Lara Schiffbauer’s recent blog post about a fair price for an e-book struck several chords with me.

Here is Lara’s article, in full, re-posted with Lara’s permission.

By Lara Schiffbauer

Warning: Super long blog post ahead and it has qualities similar to that of a rant, so go forward with caution.

For quite a while now I’ve read the myriad discussions regarding what is a fair price for an e-book from the perspective of the writer.

Are self-pubbers the “bane?”

Many a blog post like this one by Melissa Foster on the Indie Reader question “Are Self-Pubbed Authors Killing the Publishing Industry?”  In the first sentence of the article, Ms. Foster states that self-pubbed authors devalue the written word with books priced low to gain attention. Later on in the article she gives the pronouncement that yes, self-pubbed authors are the bane of the publishing world because they “give away” their books for “less than a buck” and use other “gimmicks” to garner sales. Quite honestly, I found the whole article rather obnoxious, but didn’t really feel the need to evaluate why. I filed the article away under my “Opinions That – While Interesting – Don’t Really Seem Fair or Right” mental filing cabinet.

Are you taking the risk?

Risky business

I read a section of Writing on the Ether by Porter Anderson titled “Pivot: Jonny Geller, Enough to Go Around.”  In the section, Mr. Anderson relates several points Jonny Geller made in an article of his own regarding the state of the publishing industry, including this one, “Readers need to risk paying for books again.”

Mr. Anderson followed up the point made by Jonny Geller by saying,

“We can talk all day about the reader as a nearly holy figure in our business — seriously overlooked too long by the traditional publishers. But it’s also time for that reader to play his or her fiduciary role in the equation again, and prove the bargain basement prices of the fin-de-agency period to have been what they were, the dive for algorithmic leverage of amateurs flooding the market.”

Before I go any further, I need to say that Porter Anderson is a very intelligent, witty, and friendly guy. When I read Writing on the Ether, I often don’t understand exactly the points he makes, and I definitely am not being critical of the article. That being said, what the article did was force me to change my perspective from writer to reader and back again. Quite frankly, I thought “Whoa. Hold on there.”
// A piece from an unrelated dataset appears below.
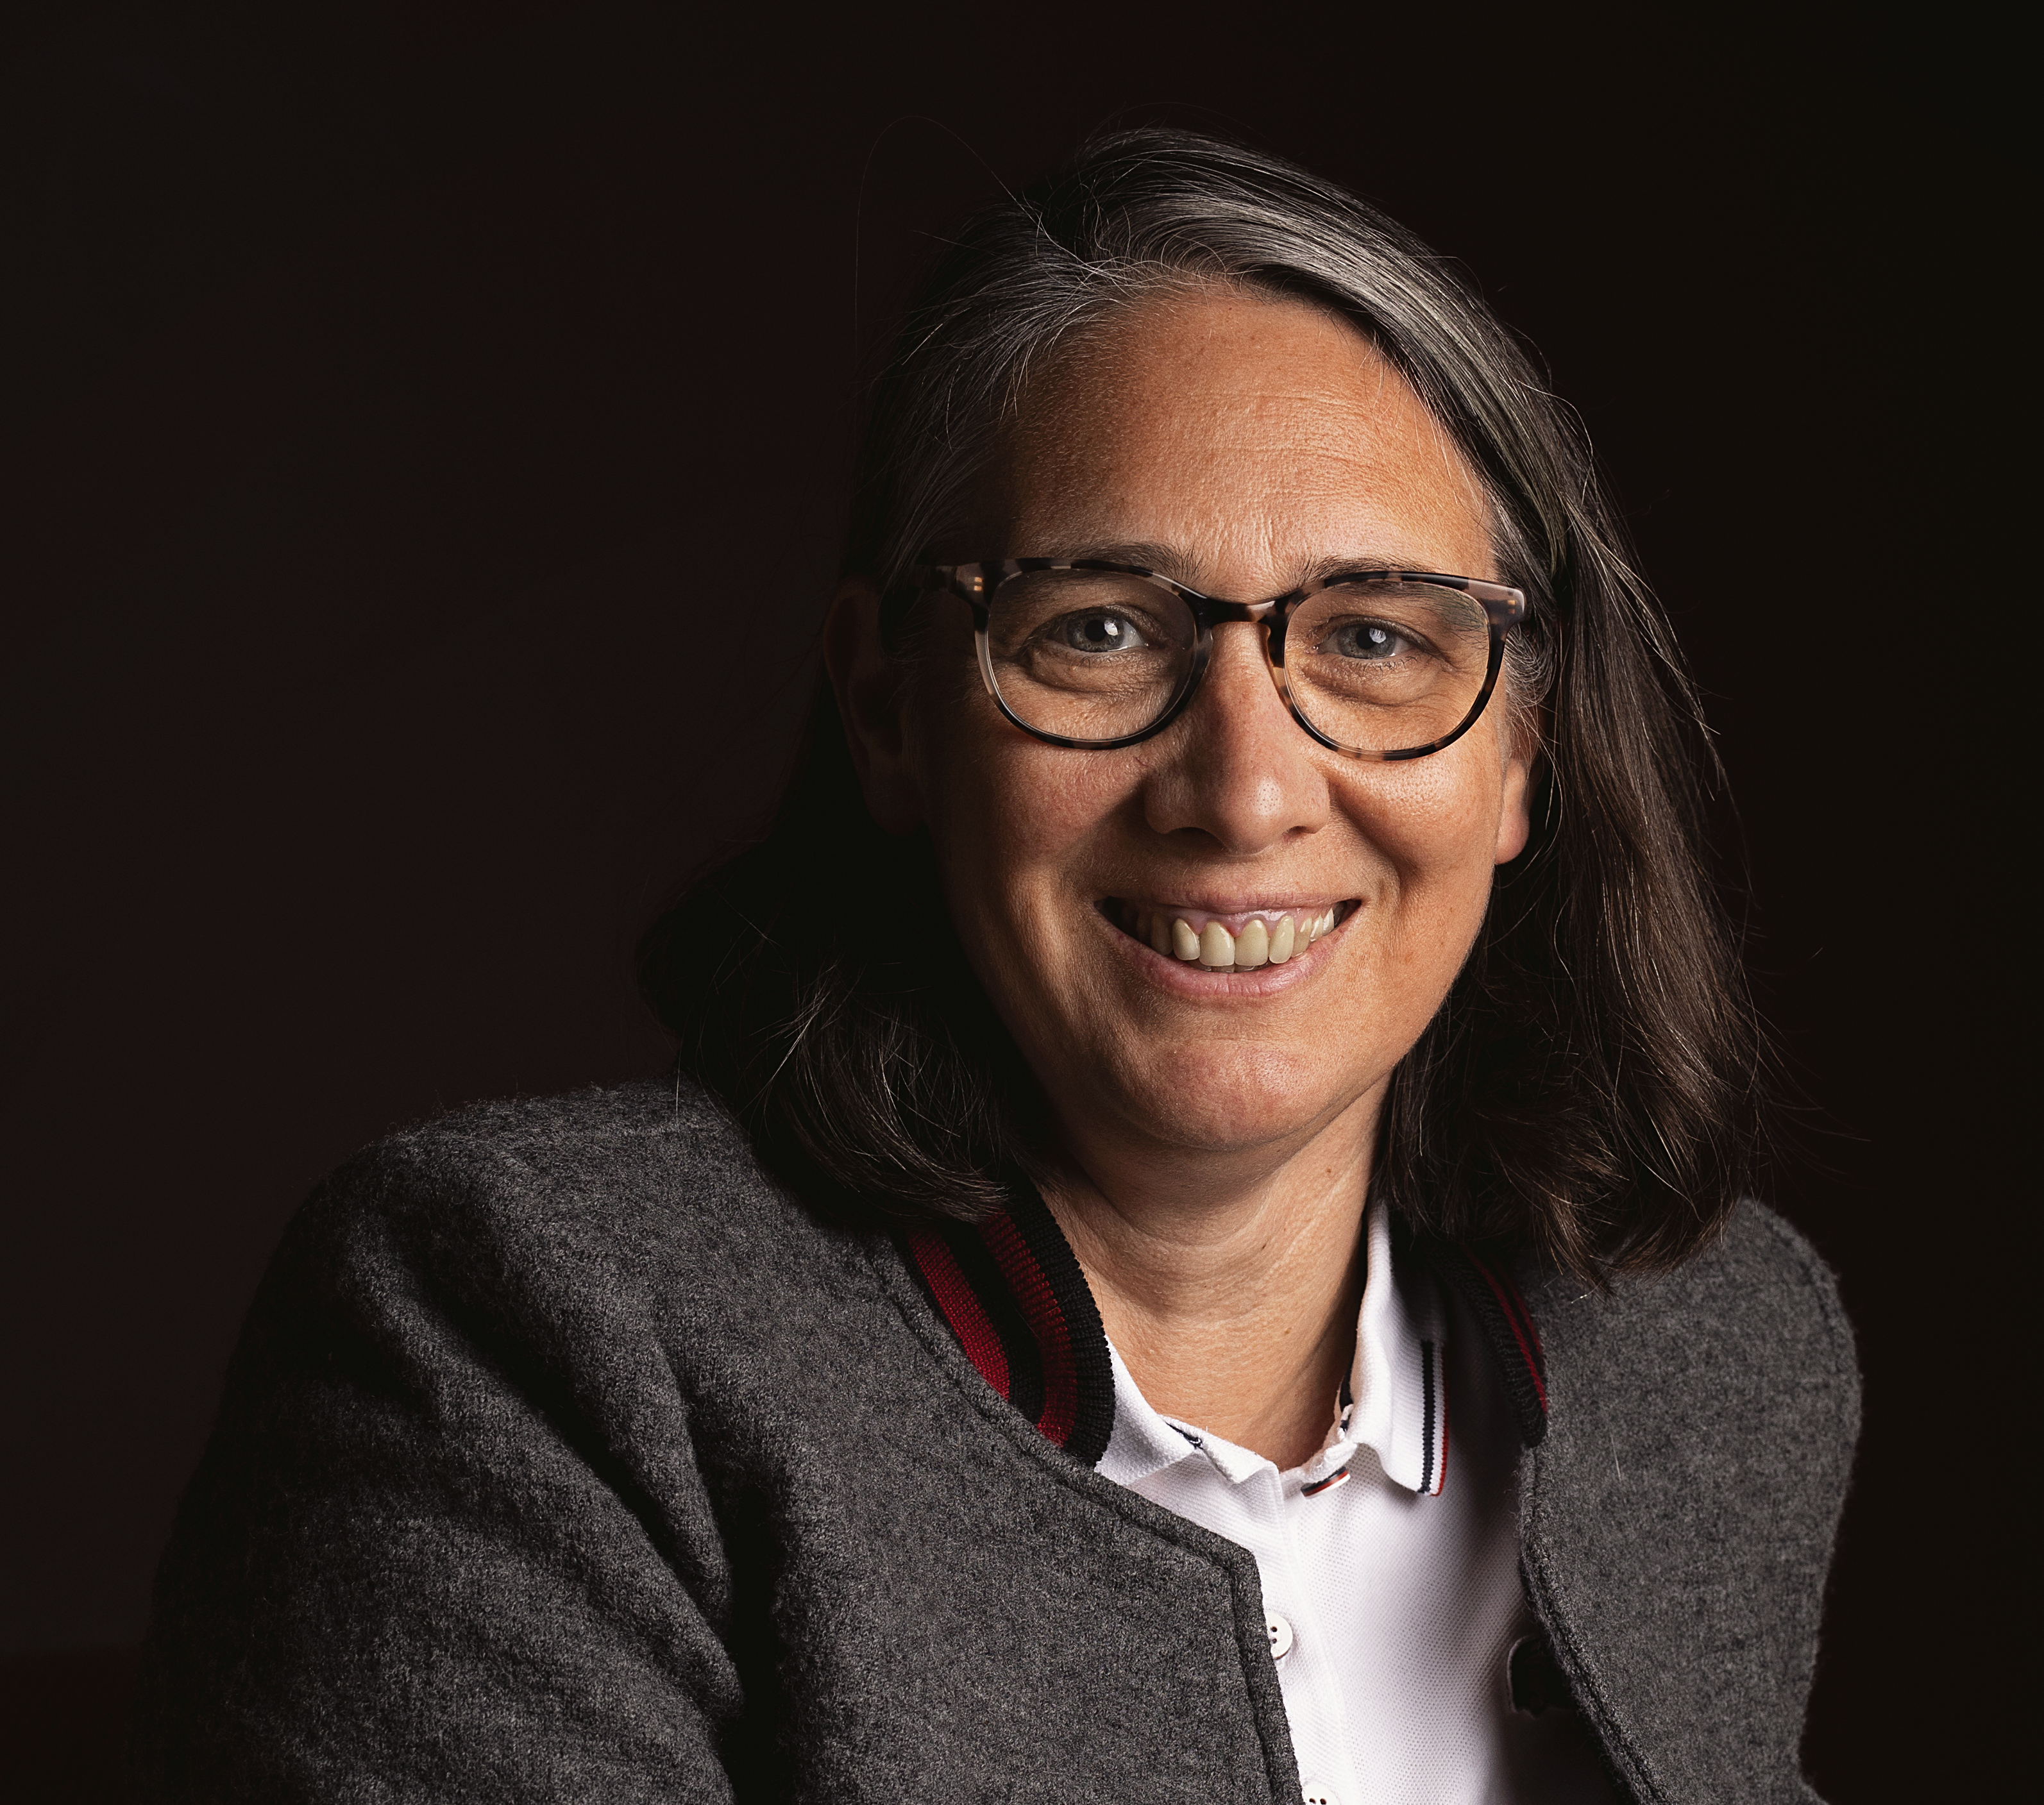 Marie-Laure Huet

Where is your price point?

Less than a buck?

First, as a soon to be self-published author, if I sell my book for something less than … Heck, I don’t even know what Melissa Foster or the other people who think a low price devalues a book think I should sell my book for. At what price do I show the world that I value my work? Can anyone tell me? Is $2.99 enough, or does it have to be higher? Should I match traditional publishing at $9.99? Do you honestly think I would sell any books if I did? And yet, if I price point my novel in order to get someone to take a risk and buy my book, I am accused of devaluing my work and undercutting authors everywhere, especially the “professionals.”  I am not sure who the professionals are, but it sounds suspiciously to me that they are those traditionally published.
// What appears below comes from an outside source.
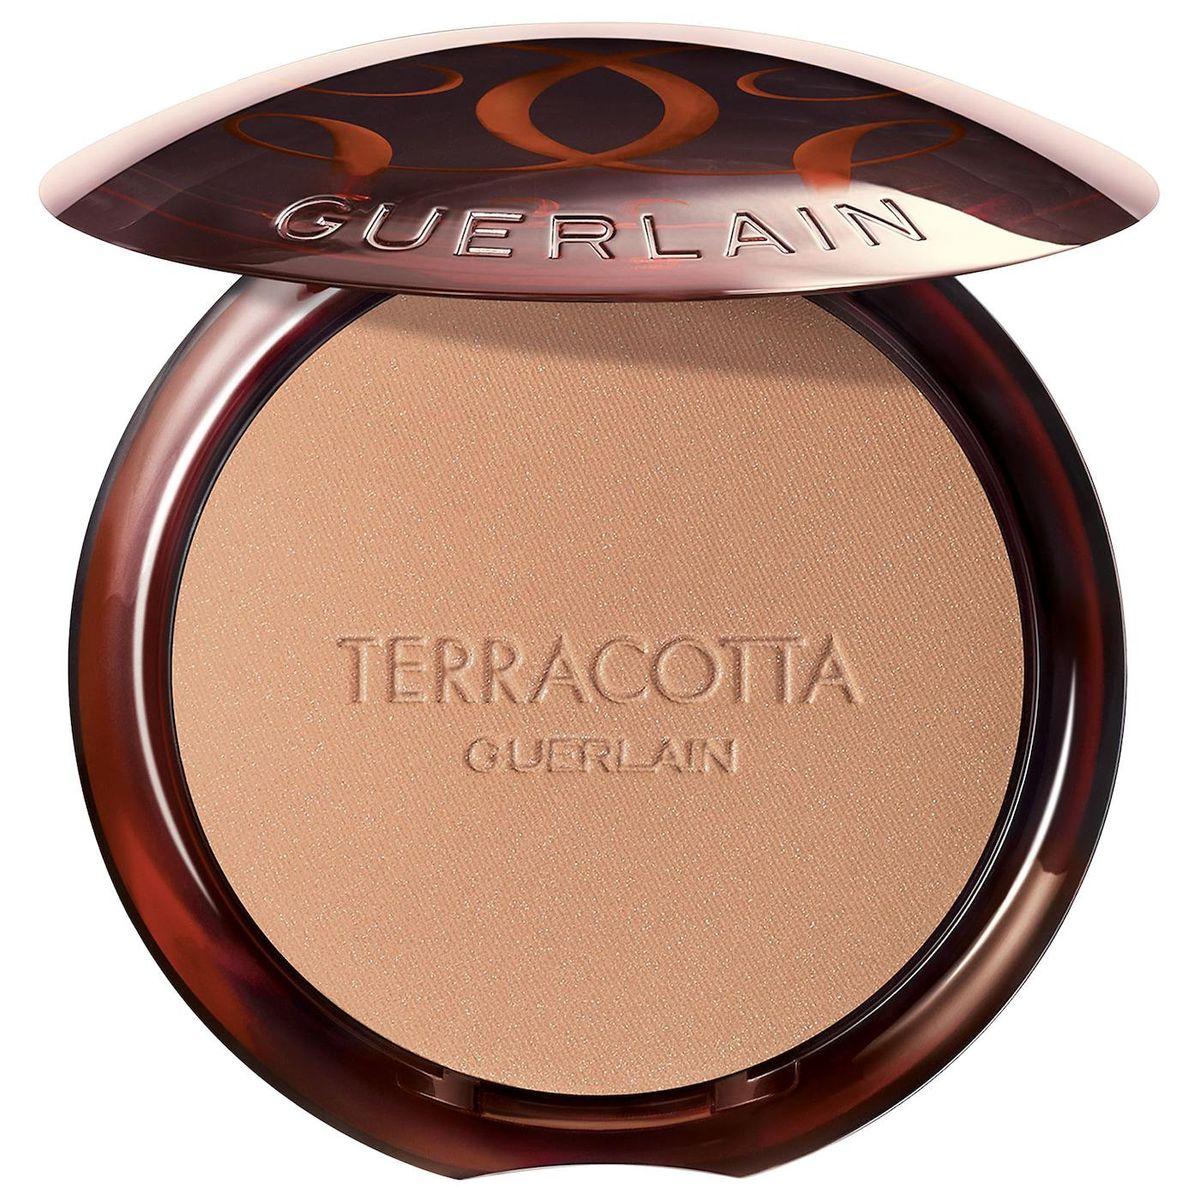 guerlain terracotta sunkissed natural finish bronzing powder

The author/reader quandary

Second, as a reader, if I buy a $.99 priced novel by a self-published author, I am accused of not holding up my share of the author/reader bargain and shirking my duty of paying an author what they’re worth. What happens if I buy a $.99 priced novel by a famous author who is traditionally published and the publisher is running a sale? Am I still shirking my duty as a reader? And why is a sale (gimmick) by a traditional publisher all right, but by a self-published author it’s tacky and devaluing to the written word?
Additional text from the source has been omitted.